IIT-G scientists throw light on metastatic cancer cell movement

| TNN | Nov 28, 2018, 10:29 IST
GUWAHATI: A group of scientists from the Indian Institute of Technology, Guwahati (IIT), has demonstrated the movement of metastatic cancer cells - a development that can be very useful for biologists to understand the mystery of metastatic cell migration, spreading cancer in human body.

The breakthrough research work has been endorsed in the prestigious Scientific Reports published from London this week.

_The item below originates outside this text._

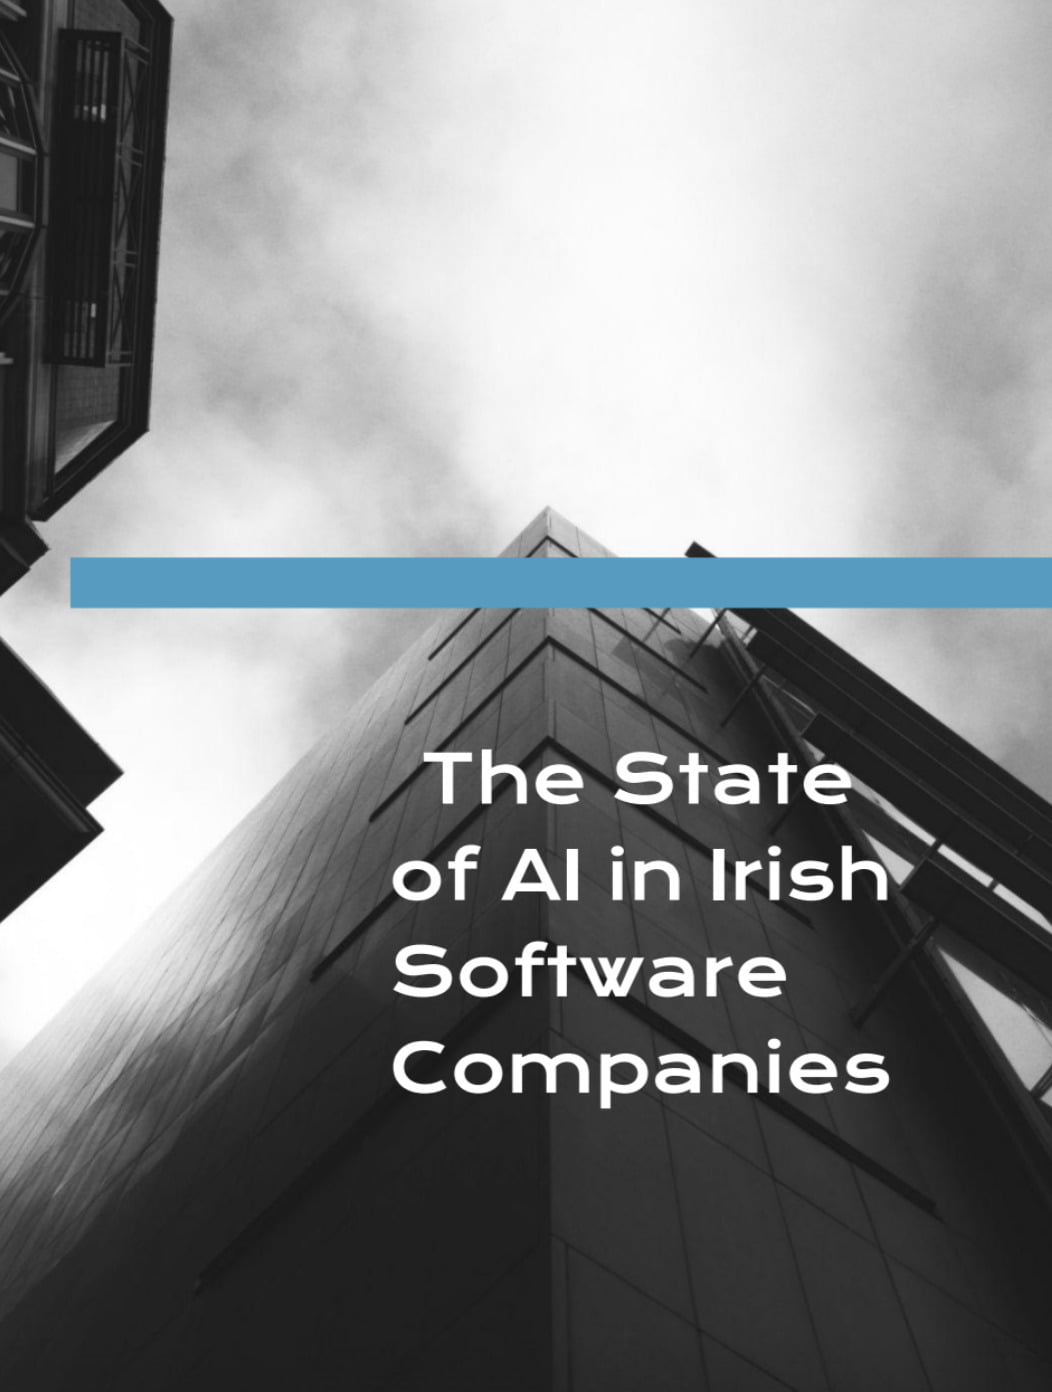 77% of Irish software companies are missing out on the growth potential afforded by AI

The interdisciplinary research, led by IIT-G director Gautam Biswas with his colleagues Siddhartha Sankar Ghosh of biosciences & bioengineering and Amaresh Dalal from mechanical engineering departments, for the first time performed experiments in a constricted microchannel, which is similar to human circulating system, to show movement of cancer cells at viable state. Binita Nath and Asif Raza, both PhD students, assisted them in the study.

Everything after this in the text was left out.